“Le jazz commençait à vraiment prendre pied dans Paris”
Je voulais créer une première anthologie de jazz hot. Mon anthologie comportait deux albums de sept 78 tours. Quatorze disques avec les tout premiers Armstrong, Duke Ellington, Earl Hines, Jimmy Noone, Benny Carter, Coleman Hawkins, les splendides Chicago Rythm Rings, Red Nichols, Bix Beiderbecke, Casa Loma, Jimmy Lunceford, et bien d’autres. Ces deux albums sont introuvables de nos jours et j’ai perdu les miens dans la tourmente de 1940.
Ces albums parurent en 25 centimètres et en dur, chose rare à l’époque, trois mois avant la première de mon émission de radio (Radio-cité). J’eus le droit de dire, en direct, tout ce que je voulais sans la moindre censure.
L’émission suscita des centaines d’appels téléphoniques au standard du Poste parisien. Des gens protestaient contre cette musique de sauvages qui les dérangeait pendant leur repas. Mon émission dura trois ans et me permit de devenir organisateur de concerts.
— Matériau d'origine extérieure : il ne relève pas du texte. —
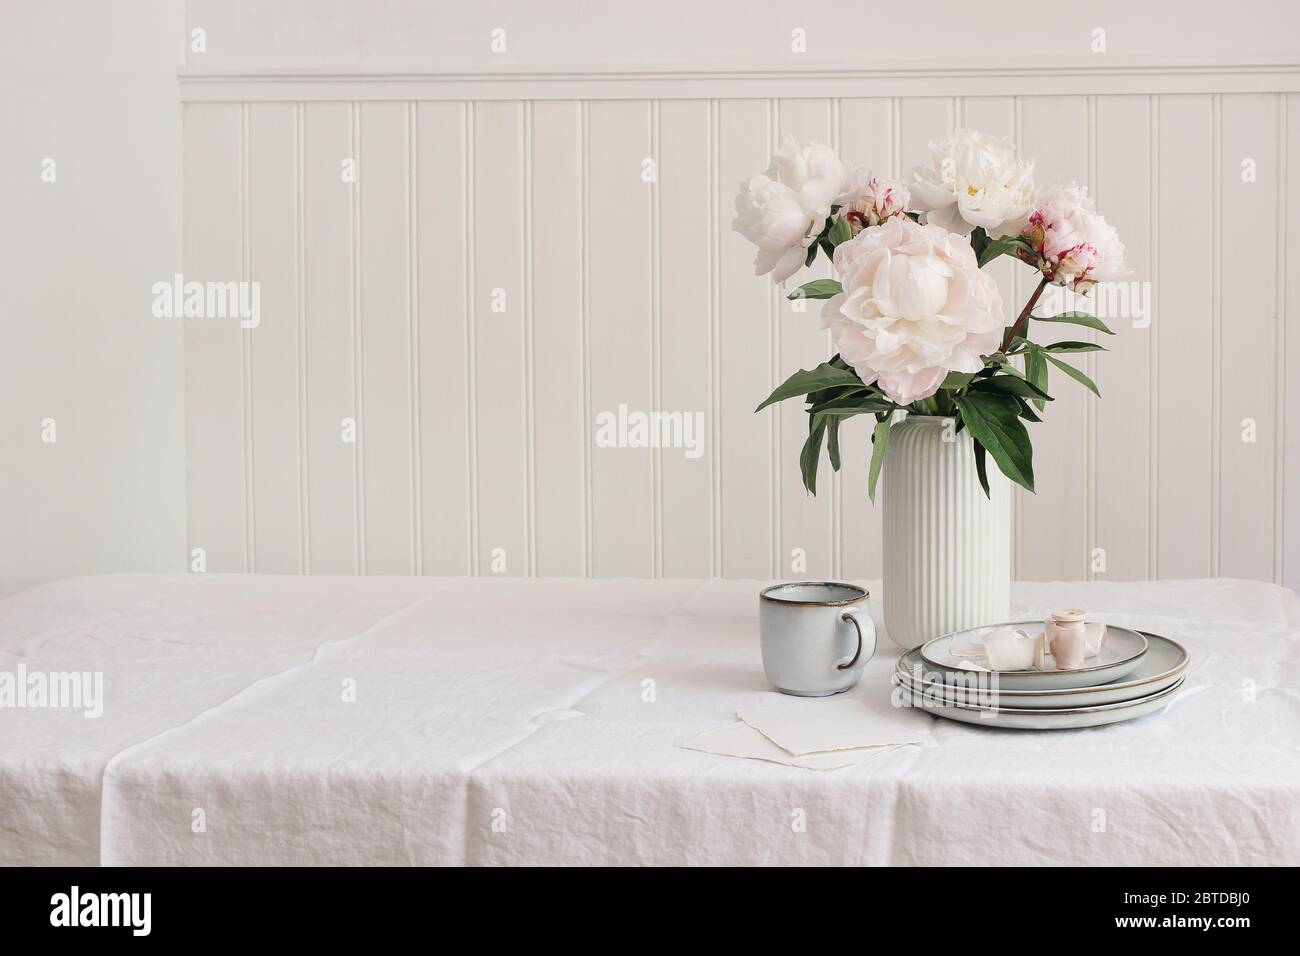 Styled stock photo. Feminine wedding or birthday table composition with floral bouquet. Pink peonies flowers, cup of coffee, plates and silk ribbons, Stock Photo

En effet, un matin, au saut du lit, je me demandai : «Pourquoi Duke Ellington ne viendrait-il pas en Europe?» Sitôt pensé, sitôt fait. Un imprimeur me fabriqua des feuilles portant l’en-tête : «N. J. Canetti, organisateur de concerts, 6, rue Jenner, Paris 13e.» J’écrivis plusieurs fois à Irving Mills, représentant de Duke Ellington, mais mes lettres restèrent sans réponse. Un jour, je reçus un télégramme : «Nous arrivons.»
Or, j’avais fait des propositions magnifiques pour « passer » Duke Ellington au Gaumont-Palace : cinq mille places! On ferait un prix moyen et on remplirait sûrement la salle. Chez Gaumont, on était sceptique. Duke y était inconnu. A force de palabres, et mon émission venant à mon aide, je réussis à les persuader, avec mon «orchestre nègre pas cher».
Un peu plus tard, en juin 1933, je reçois une lettre de Jack Hylton. Il connaît mes offres à Duke Ellington par l’intermédiaire d’Irving Mills, dont il est l’associé. Il se renseigne sur mes possibilités.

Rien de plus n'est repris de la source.